At the Treasury Department, however, the GAO found "no specific procedures in place to ensure that consistent, periodic, department-level oversight was conducted" to ensure that managerial cost accounting was implemented consistently by sub-agencies. Moreover, their report to Congress concluded that the department promoted and monitored MCA implementation only "on an informal and sporadic basis."

According to the auditors, "this contributed to widely disparate implementation and use of MCA among Treasury's operating bureaus."

The GAO singled out the IRS as among the least effective in implementing MCA.

While that agency requires individual and business taxpayers to rigorously account for deductible expenses, the auditor's report suggested that the tax service is experiencing significant problems accounting for its own costs.

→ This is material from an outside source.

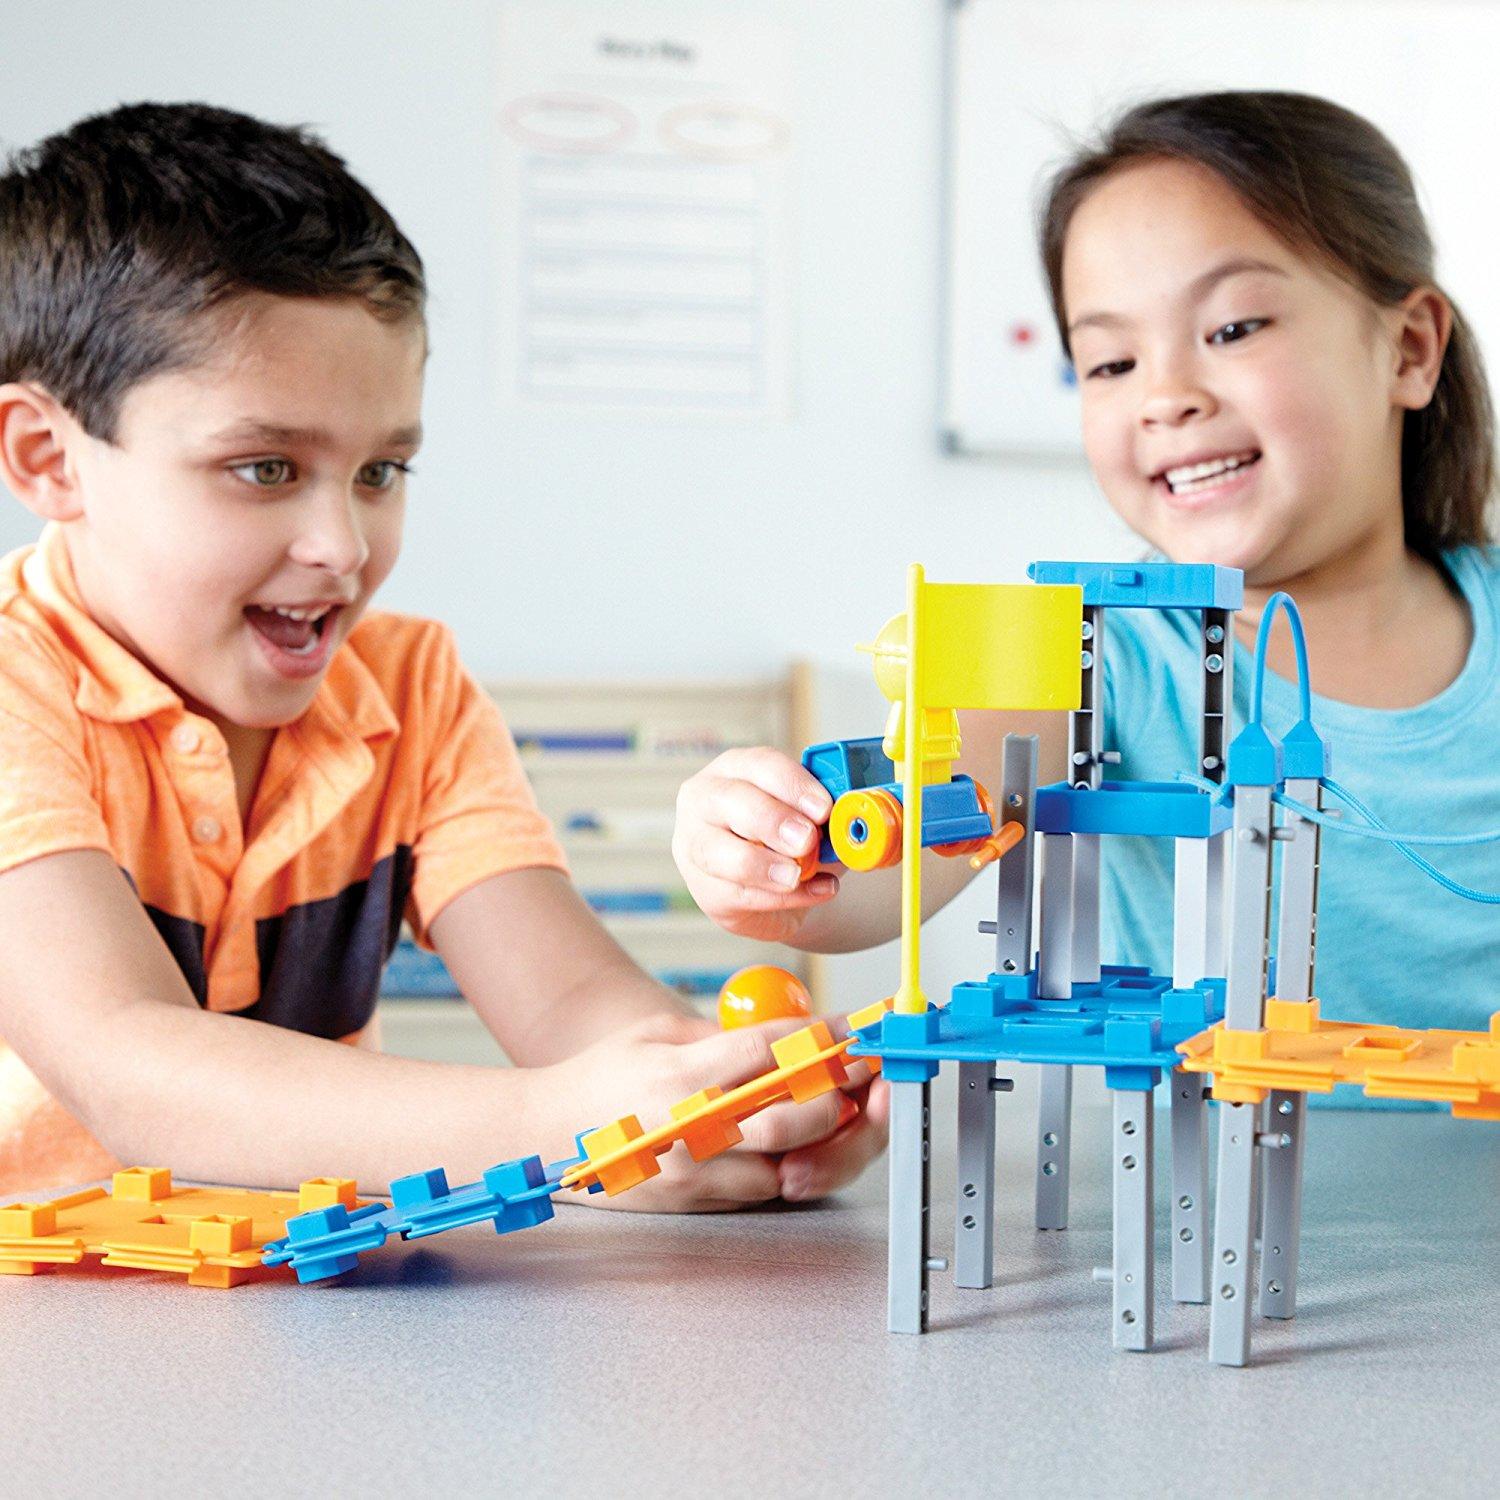 Set STEM - Construieste oraselul PlayLearn Toys

"The IRS's newly implemented MCA module had less than one full year of data, and could only account for agency costs by activity, output or program when" they were "completely housed within a single cost center," the GAO said.

Indeed, managerial cost accounting policies and procedures have not been finalized and distributed within the IRS, the GAO auditors told Congress.

To correct these problems, the GAO recommended that the Secretary of the Treasury "require the commissioner of Internal Revenue to direct the chief financial officer of the IRS to finalize and implement a cost accounting system capable of determining the cost of activities, services or products at levels of detail suitable to assist managerial decision making."

For their part, Treasury officials are balking, on the grounds that budget "constraints limit the department's ability to oversee MCA activities," and they argue that "the cost of MCA should be weighed against its benefits and other competing priorities."

The GAO, however, countered that when budgets are tight, an effective system of managerial cost accounting is particularly valuable.

Properly functioning managerial cost accounting capabilities "could help Treasury meet its mission needs in an era of constrained resources," the auditors told Congress. "Such accounting tools are what is needed to promote efficiency, productivity and the best use of limited resources" at the IRS and other agencies.